Bulle de 5, courses à deux, masque de rigueur


Partager
Bulle de 5, courses à deux, masque de rigueur
Par Nancy Goethals
Publié le
4 min

Les églises attendent encore le feu vert pour ouvrir à 200 personnes (c) Cathobel

La population oscille entre soulagement et découragement face aux nouvelles mesures édictées par le Conseil National de Sécurité (CNS) pour enrayer la propagation de la Covid-19. Les dates d'entrée en vigueur des mesures étant différentes et soumises aux aléas de la situation, soyons vigilants!

Pour chiner les meilleures affaires et soutenir les commerçants, à partir du 24 août, les courses pourront se faire à deux et sans limite de temps. Cette bonne nouvelle est cependant contrebalancée par le maintien de la bulle de cinq personnes jusqu'au 30 septembre.

Le CNS a décidé de maintenir la bulle de cinq malgré les réticences de la population. Même des professionnels de la santé n'y sont pas favorables car ils craignent (et relèvent déjà) des effets collatéraux au déficit de rencontres. Mais le CNS reste ferme: il faut éviter de multiplier les contacts sociaux rapprochés. C'est pourquoi "cette bulle reste en vigueur jusqu’au 30 septembre au moins. Par contre les réceptions après les funérailles pourront accueillir 50 proches pour les réceptions. Les règles restent inchangées pour les mariages" expliquait ce jeudi Sophie Wilmès.

Les rassemblements de dix personnes sont et restent autorisés avec des personnes extérieures à la bulle, à condition de respecter les règles de distanciation physique.

La population ressent une certaine incohérence dans les mesures et un besoin de plus de liberté. Le CNS en est bien conscient. Sophie Wilmès a donc chargé le Celeval, le groupe d’experts fédéraux, de travailler sur des mesures stables pour permettre les contacts sociaux. Toutefois, jusqu'au premier septembre, les événements à l'intérieur restent limités à 100 personnes et 200 personnes pour les événements à l'extérieur. Le port du masque reste impératif.

Reprise de l’école

La rentrée scolaire se fera bien, à temps plein, pour tous les élèves et à tous les niveaux d'enseignement. Le code jaune (vigilance accrue et mesures de sécurité plus strictes que d'habitude) sera de mise et les élèves de plus de 12 ans devront porter le masque. Si les cours seront bien dispensés, toutes les activités ne pourront être maintenues dans le secondaire. En cas d'épidémie dans une école, les autorités communales concernées pourront changer la couleur du code et donc faire adapter les horaires et les mesures.

Du changement pour les messes?

"La lassitude gagne la population car les mesures arrivent au compte-goutte", relève le père Tommy Scholtès, porte-parole des évêques. Il espère bien pouvoir ré-ouvrir les (grandes) églises à de plus vastes assemblées mais il attend la confirmation de l'arrêté ministériel. En effet, pour les événements culturels, religieux et sportifs, on reviendrait à un nombre de 200 personnes maximum en intérieur et 400 en extérieur. Et toujours, le masque de rigueur.
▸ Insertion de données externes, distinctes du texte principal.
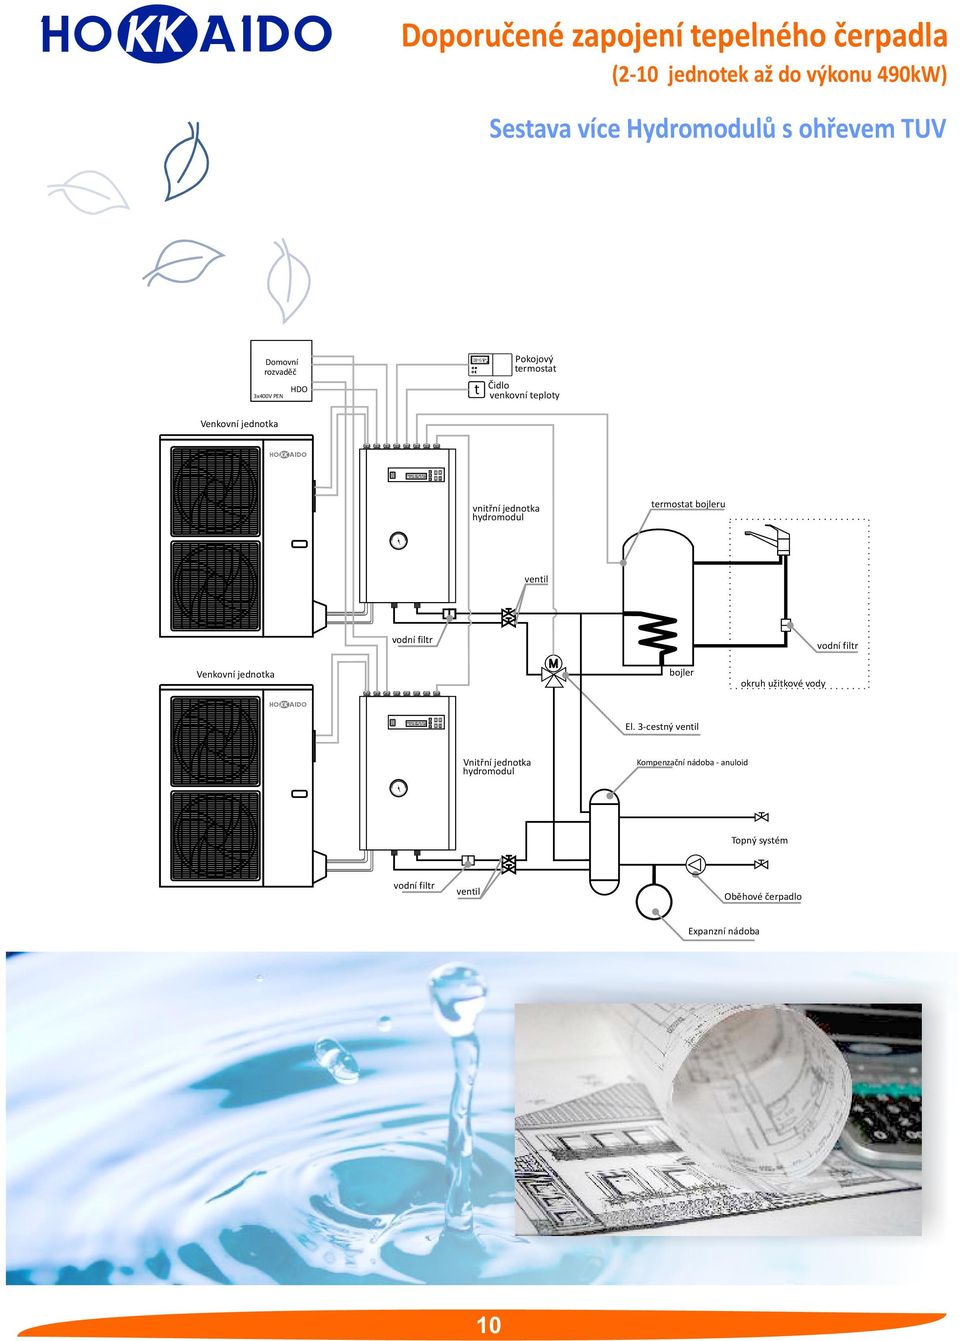 Venkovní jednotka vnitřní jednotka hydromodul termostat bojleru ventil Venkovní jednotka bojler okruh užitkové vody El.

Retour de vacances à surveiller

Sophie Wilmès a rappelé que les vacanciers revenant de l'étranger doivent se plier aux règles. "Je rappelle que depuis le premier août, toutes les personnes arrivant sur notre territoire après un séjour à l'étranger de plus de 48 heures, doit remplir le 'passenger locater form'. Le but est de savoir où le voyageur s'est rendu. Le 14 août, plus de 500.000 formulaires avaient été remplis, cette démarche active des citoyens est prise au sérieux et cela doit continuer", a expliqué la Première ministre à l'issue du Conseil National de Sécurité.

"Pour ceux qui reviennent de zone rouge, il est obligatoire de se faire tester et de rester en quarantaine. Même s'ils ne présentent pas de symptômes. Aujourd'hui, trop peu de personnes respectent ces règles, or les conséquences pourraient être très importantes".
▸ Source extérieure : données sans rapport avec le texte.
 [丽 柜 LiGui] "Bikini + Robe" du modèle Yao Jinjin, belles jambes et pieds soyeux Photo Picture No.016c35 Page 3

"Pour les personnes qui reviennent d'une zone orange, ce n'est pas une obligation mais une recommandation. Mais elle doit être prise au sérieux, surtout si ces personnes ont eu des contacts à risque".

En cas de non respect de ces mesures, des amendes régionales sont prévues. Ceci dit, la prévention et la conscientisation restent les meilleurs moyens de lutter contre la propagation du virus.

Les Belges devront encore faire preuve de patience et de vigilance. Pour rappel, la meilleure mesure pour se protéger du virus est de veiller à une hygiène correcte: surtout se laver les mains, s'aérer suffisamment et bien aérer les espaces clos - lieux importants de propagation du (des) virus.